# Official owner now



## Border_all (Dec 19, 2019)

Finally have my new machine tried 2 latte learning experience yes but enjoyable


----------



## THR_Crema (May 20, 2019)

Looks great, this was the first espresso machine I had and the rest of history ?


----------



## Border_all (Dec 19, 2019)

THR_Crema said:


> Looks great, this was the first espresso machine I had and the rest of history ?


 Yep i think this is a hobby that the bug can bite. Cheers


----------



## THR_Crema (May 20, 2019)

Border_all said:


> Yep i think this is a hobby that the bug can bite. Cheers


 I'm three years into my sentence and love how much I've learnt. Always nice when friends and family come round just so they can have a nice coffee.

Hoping 2020 will be the year of a big upgrade from the Barista Express.

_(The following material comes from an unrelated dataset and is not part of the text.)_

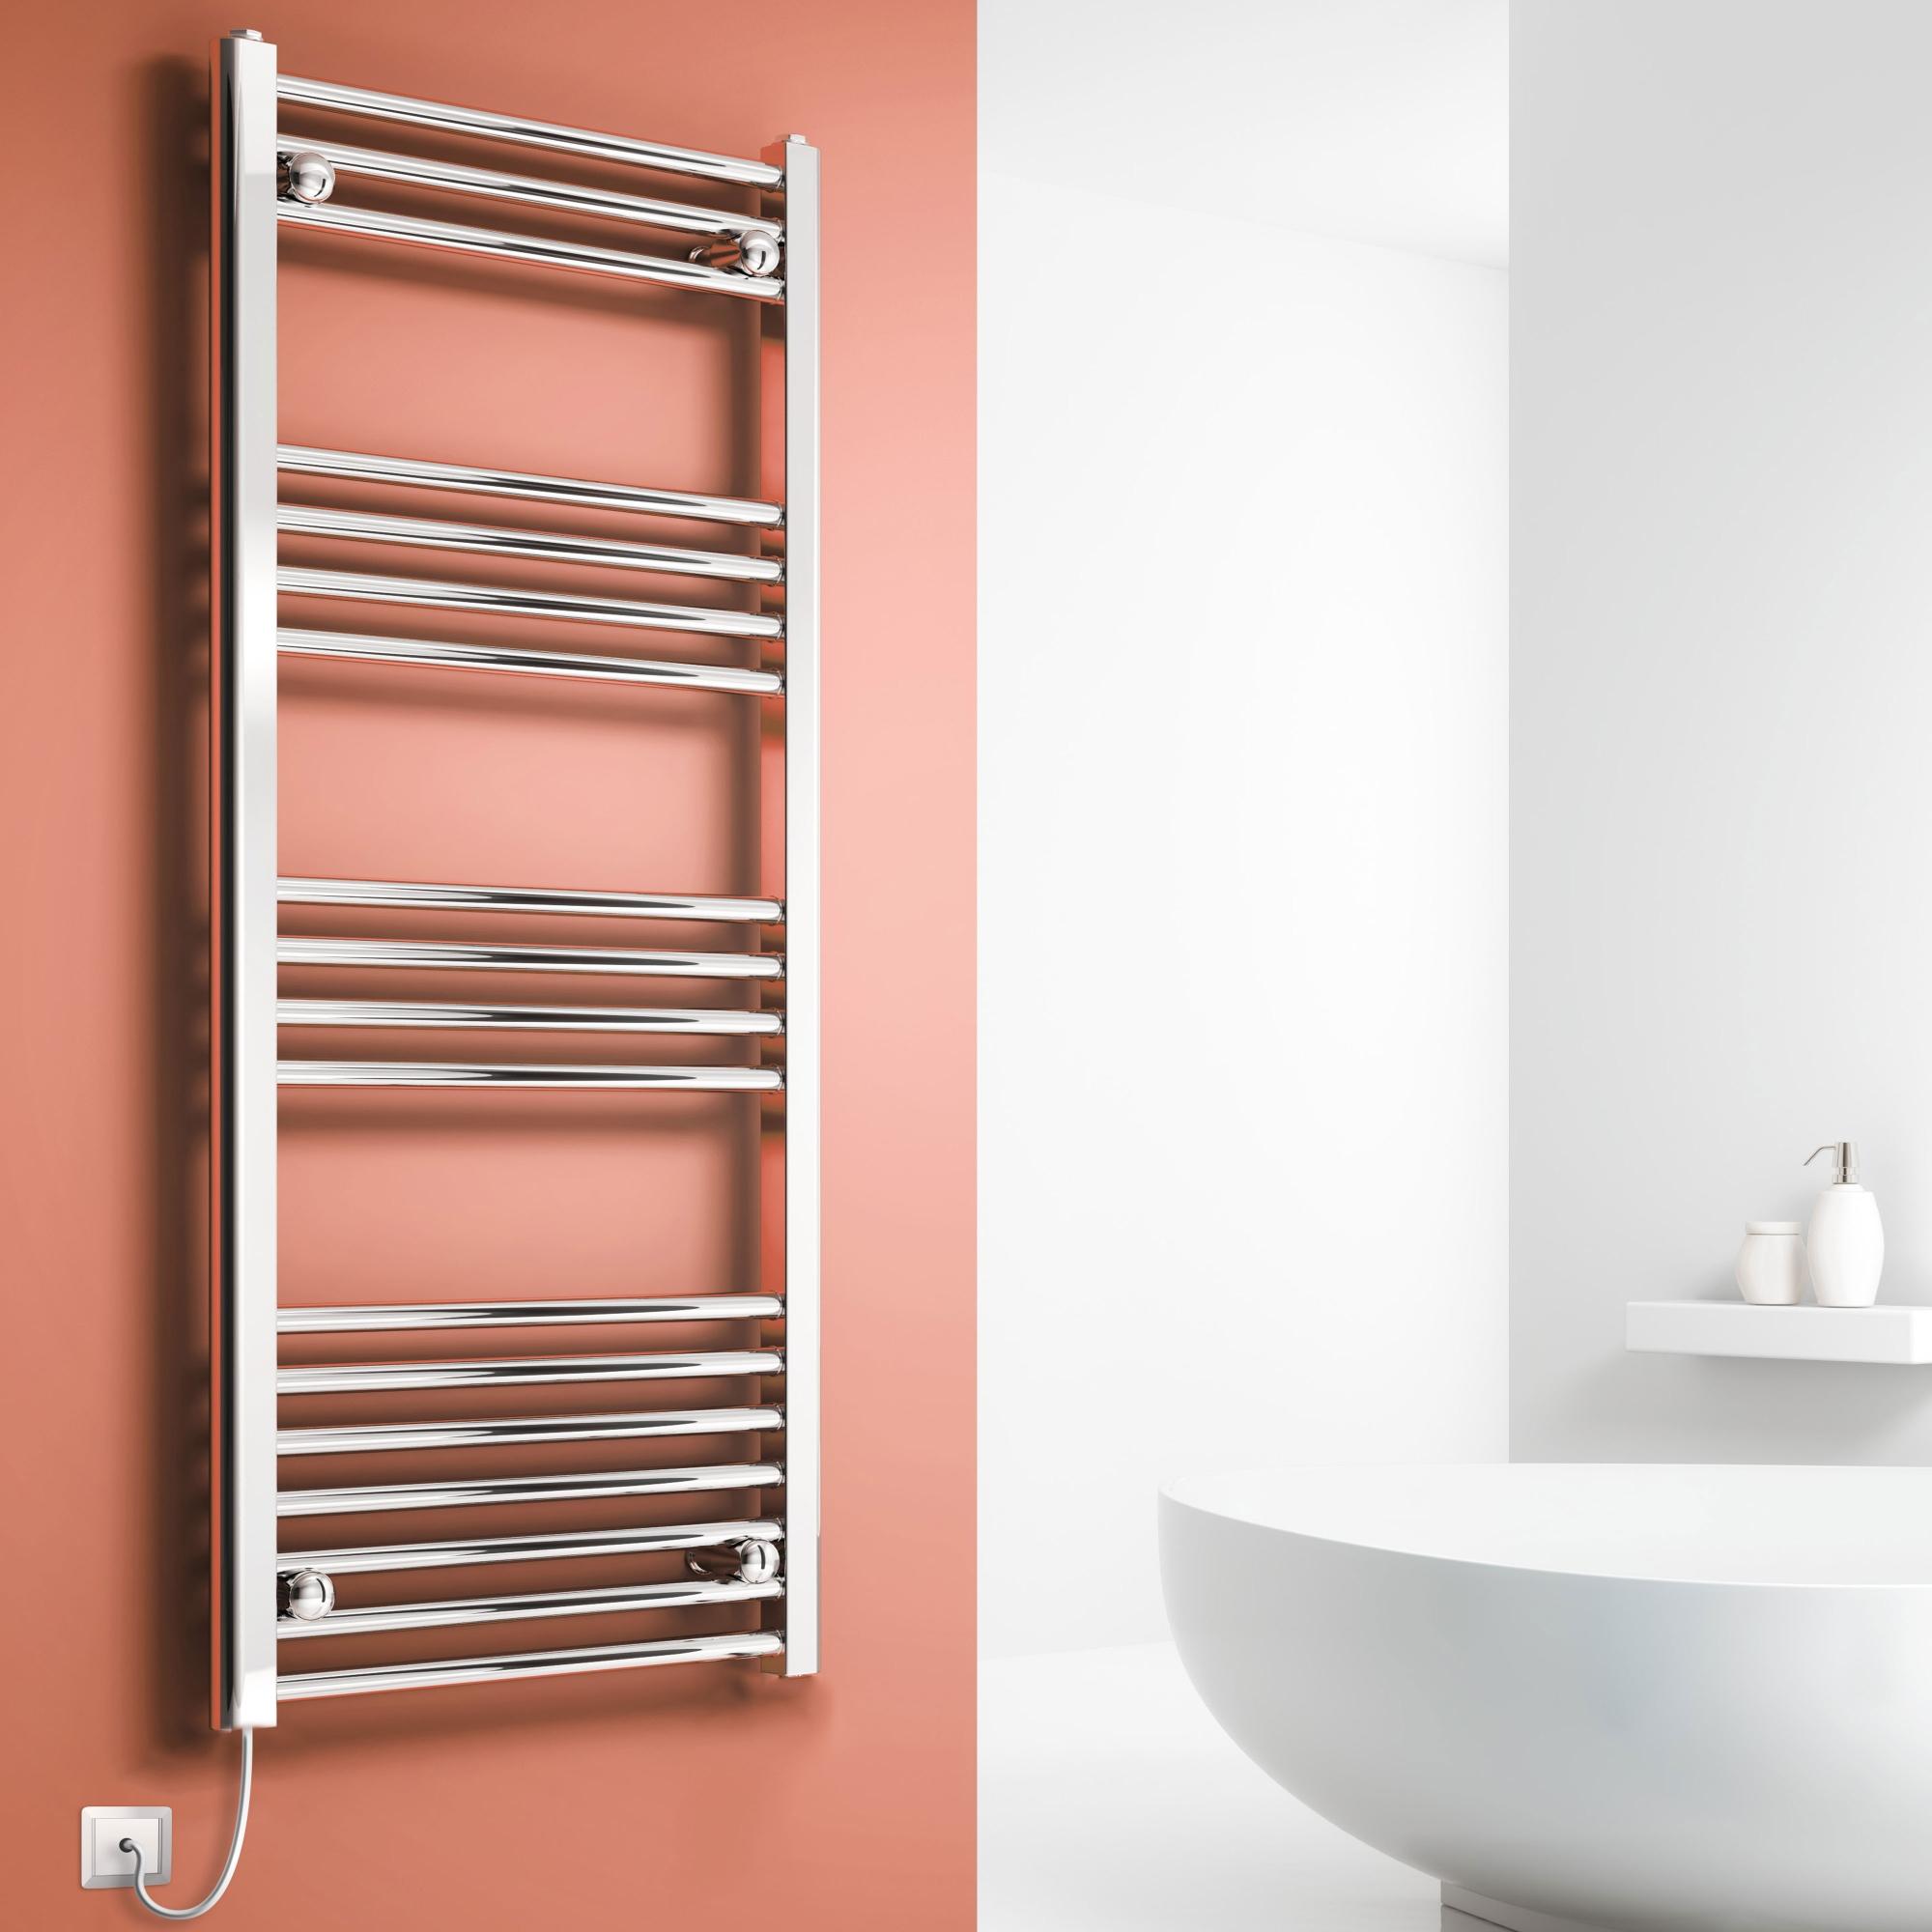 Reina Capo Straight Electric Heated Towel Rail 1200mm H x 400mm W Chrome

What grinder are you using?


----------



## Border_all (Dec 19, 2019)

THR_Crema said:


> What grinder are you using?


 At the moment i bought ground bean off Rave I am thinking of buying a Eureka Mignon or Atom or Zenith. I was decided on the Mignon but i am getting tempted by the other models. I will probably order early new year when the specialist are back at work. For now i have about a kilo to go at lol


----------